Unter Deck ging er mit ihm durch die Mannschaftsunterkünfte und die Messe zur Kombüse durch, stieg dort die Leiter empor und stieß die Falltür auf, die zum Glück nicht verriegelt war. Er schob den Schiffsjungen hindurch, stieg hinterher und nickte dem Smutje zu, der ihn überrascht ansah. "Kümmere dich um den Kleinen und sorg' dafür, dass er hier bleibt." Ramin schloss die Falltür und ging durch die Tür der Kombüse zurück an Deck, um dort seiner Arbeit nachzugehen und die Männer zu koordinieren.

Haydar hatte nicht viel übrig für die Sorte Kapitän, die nur schreien, aber nicht anpacken konnten, wenn Not am Mann war. Den Überblick zu haben und zu behalten, war eine Sache, aber manchmal war einfach handfestes Zupacken gefragt. Gemeinsam mit der Mannschaft legte er sich in die Seile, um die Segel runter zu holen, bevor sie rissen oder gar ein Mast brach. Über ihm turnten Männer in der Takelage, um das geraffte Segel festzubinden. Haydar ärgerte sich, dass sie den Sturm nicht hatten kommen sehen. Er wollte keinen seiner Leute an die See verlieren.

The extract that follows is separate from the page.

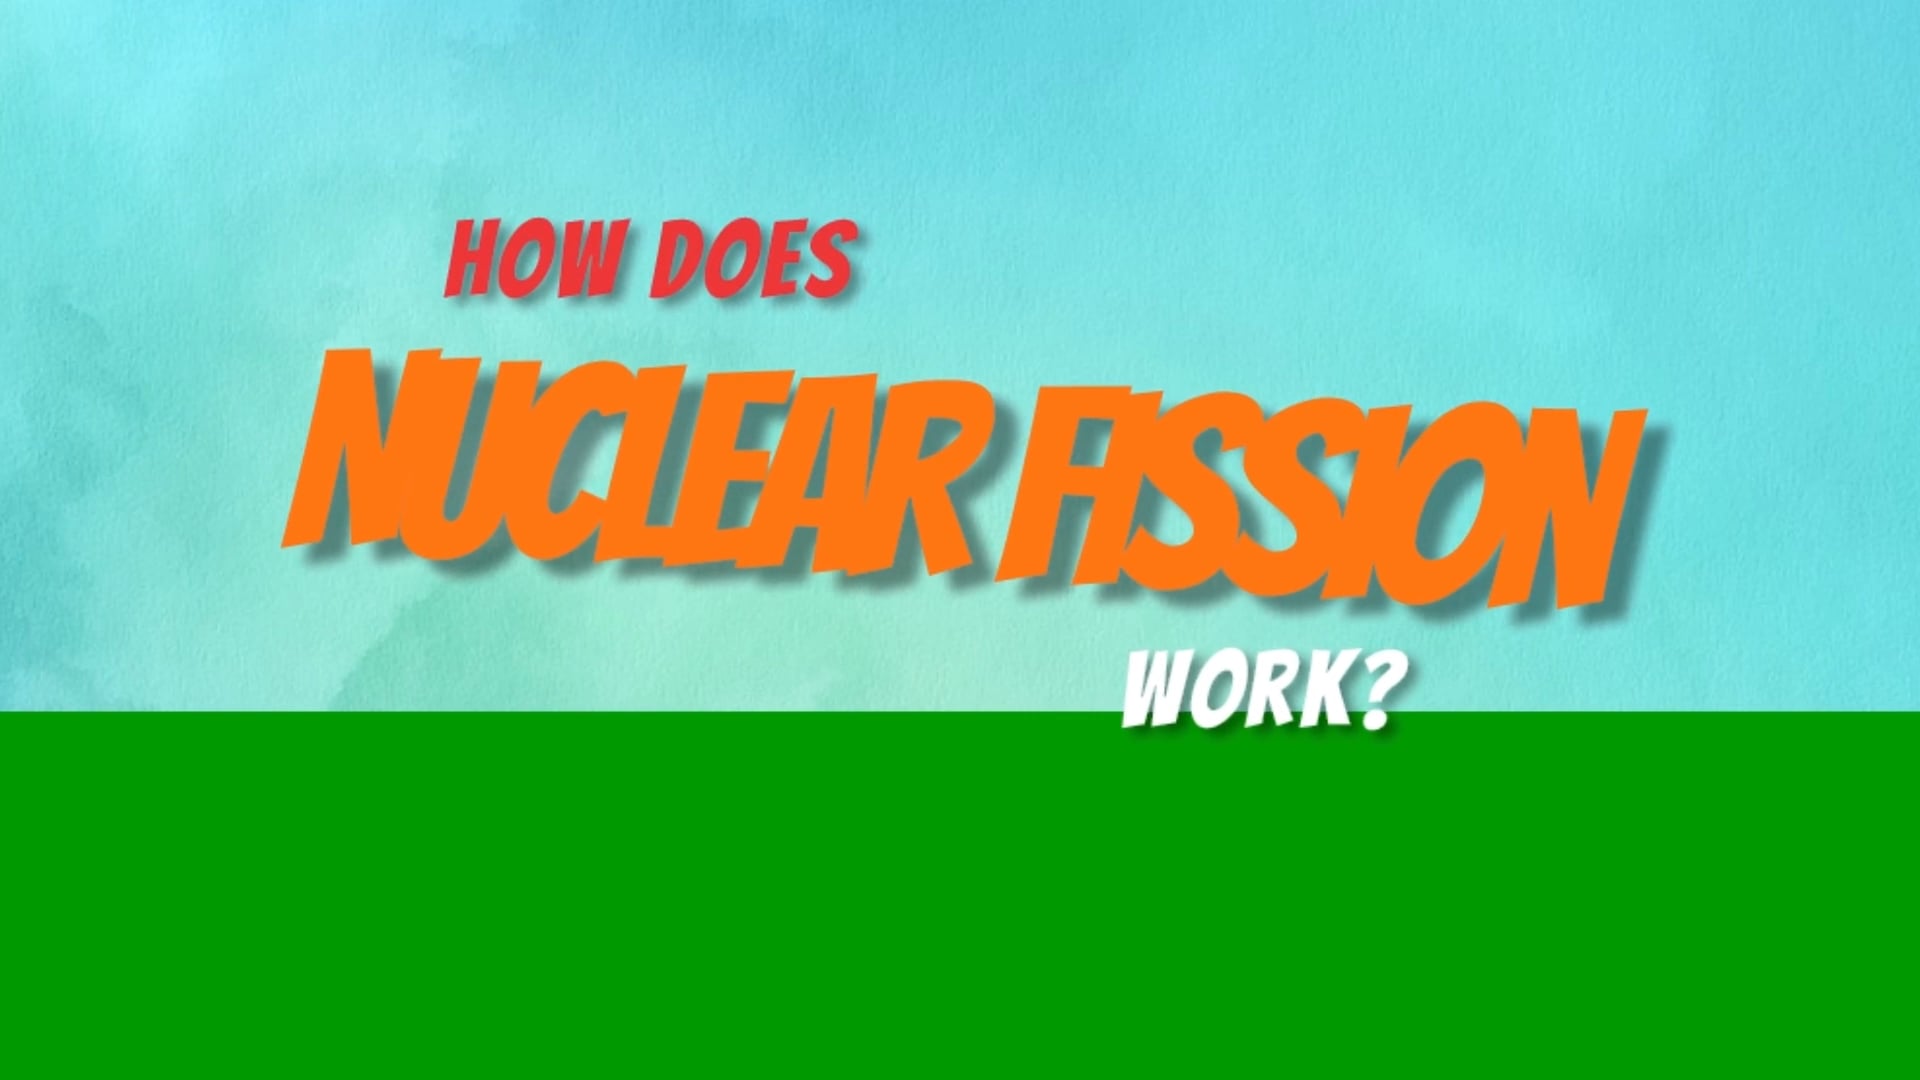 How Does Nuclear Fission Work?
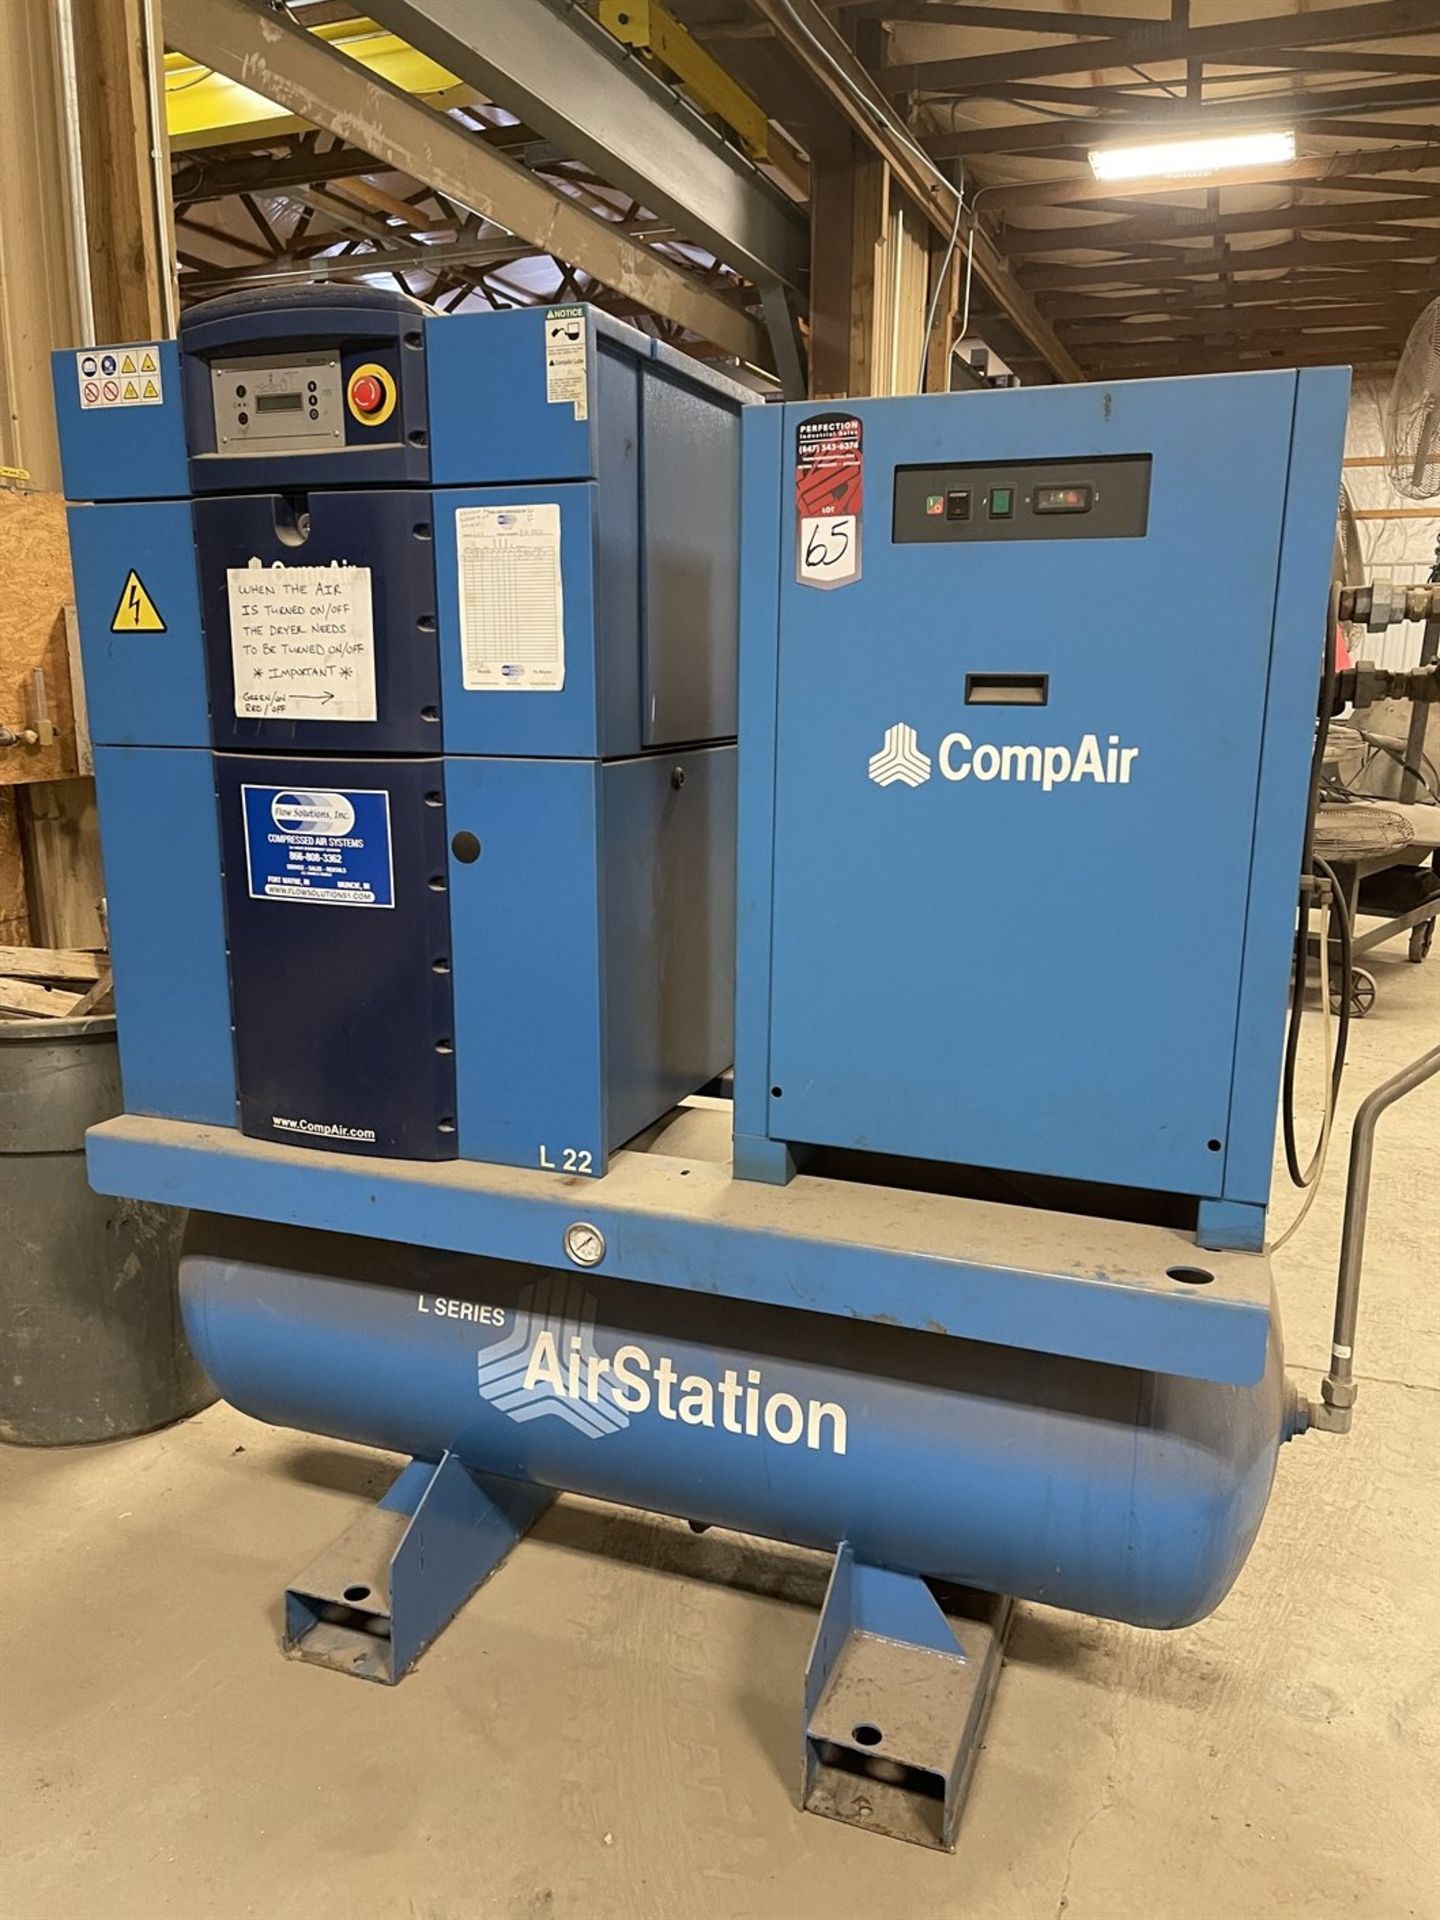 2012 CompAir L22 L-Series Air Station Compressor System, s/n D102821, 30 HP, 125 PSI, w/ compare

Bald hatten sie alle Segel bis auf das kleine Fock am Bug gerefft; Haydar jagte alle Männer unter Deck, die entbehrlich waren. Dazu gehörten nun auch sein Bootsmann und er selbst. Später, wenn der Sturm zu lange anhielt, würde er Nhel am Steuerrad ablösen. Innerlich gönnte er sich ein Grinsen. Sollte das wirklich nötig sein, konnte er sich auf einen Kampf mit seinem Steuermann gefasst machen. Gerade in so einem Wetter gab dieser das Ruder nur unter Androhung von Gewalt ab. Haydar schloss die Tür des Offiziersbereichs hinter ihnen und sperrte so einen Teil des wütenden Windes aus.

"Dreckswetter!", sagte er herzhaft. "Hätte ruhig den Anstand haben können, sich anzukündigen."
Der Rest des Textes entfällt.